The City of Portland plans to issue a permit for Hazelnut Grove, a homeless camp on public property in the Overlook Neighborhood. Before it does, it should take reasonable steps to ensure public safety and to insulate taxpayers from liability. To that end, like any landlord, the city ought to know who is living on its property.
The Overlook Neighborhood Association continues to believe that camping is not the answer to Portland’s homeless challenges. As a city, we can and must do better than telling people to struggle through a Portland winter in the outdoors.
Mayor Charlie Hales, however, believes camping is a suitable solution for the time being. City representatives and some homeless advocates have said that every neighborhood in the city should have a homeless camp modeled after Hazelnut Grove. It is therefore imperative that the city get this first one right.
The Overlook Neighborhood Association has asked the mayor’s office to incorporate several provisions into the camp permit, including keeping the size of the camp manageable, a timeline for disbanding “temporary” camps, and an expectation that campers will follow a code of conduct and all laws.
Homeless advocates working with Hazelnut Grove have deemed one other provision a nonstarter – that the city record campers’ legal name.
That is no more of a burden than the city and landlords impose on most Portlanders.
All property owners have their names and addresses listed on the city’s website. People who apply for other city permits must provide a name. And tenants in rental houses and apartments provide their names to landlords when they sign leases.
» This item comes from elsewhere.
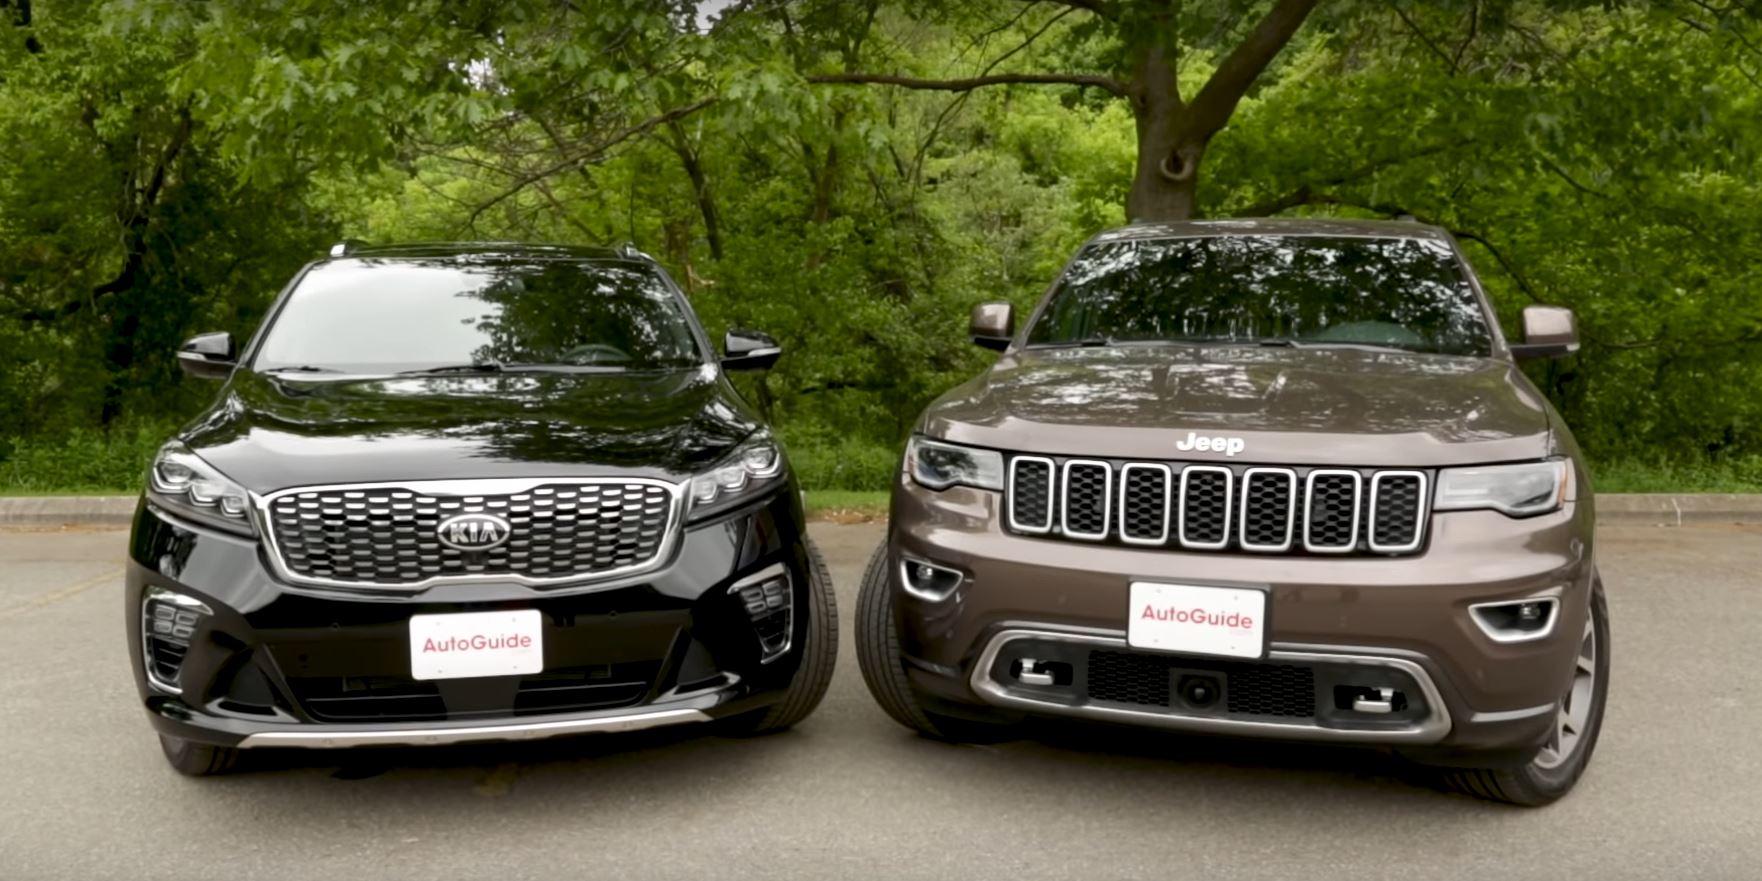 Sorento Vs Grand Cherokee - Chevy Equinox Vs Ford Explorer ...

Indeed, only the most negligent landlord would rent out to people who refuse to provide their identity. Background checks are a matter of course when renting.
If there were an accident at a camp, the city could use a list of campers to determine if anyone is still missing. The Hazelnut Grove camp sits at the base of an unstable, forested slope. In the winter rains it could slide, burying tents in mud. In a dry summer, it could catch fire.
Having the legal names of campers could help social services agencies initiate and maintain contact with campers, many of whom have mental health and substance use problems that contribute to their being homeless.
A list of residents also would be useful in the event of a crime at the camp. While campers might commit to a code of conduct, humans make mistakes, and if things go badly, knowing who did what to whom will go a long way to maintaining order and accountability.
Finally, by allowing people to set up camp on city land and officially sanctioning it with a permit, the city becomes responsible for what goes on there. If someone commits a crime, and the city did not do its due diligence to ensure the public safety, a lawsuit could cost taxpayers millions.
Mayor Hales has already directed police to tread lightly around homeless camps. If they become places where anyone can go in complete anonymity without worrying that police will be checking on them, they will become attractive to the minority of homeless people who are hiding troubling pasts such as sex offenders and repeat felons. That places the majority of homeless Portlanders, as well as neighbors, at risk.
Homeless residents say that they do not want their names to become public records where people looking for them could find them or neighbors could conduct “vigilante background checks.”
That, however, is a red herring. While it is true that other landlords do not have to reveal who their tenants are, the city is not any landlord. It is a government body, too, and it is subject to Oregon public records laws.
Public records laws exist to help Oregonians hold their government accountable. Perhaps lists of homeless campers on public land should be exempt from disclosure. That is something the city and homeless advocates should take up with the Legislature. It would be odd, however, to carve out such an exemption. Government secrecy rarely serves the public well.
City officials are turning a blind eye to smaller camps and plans to sanction larger ones throughout the city. Finding out who is living in them is the most basic step to ensuring safety and accountability.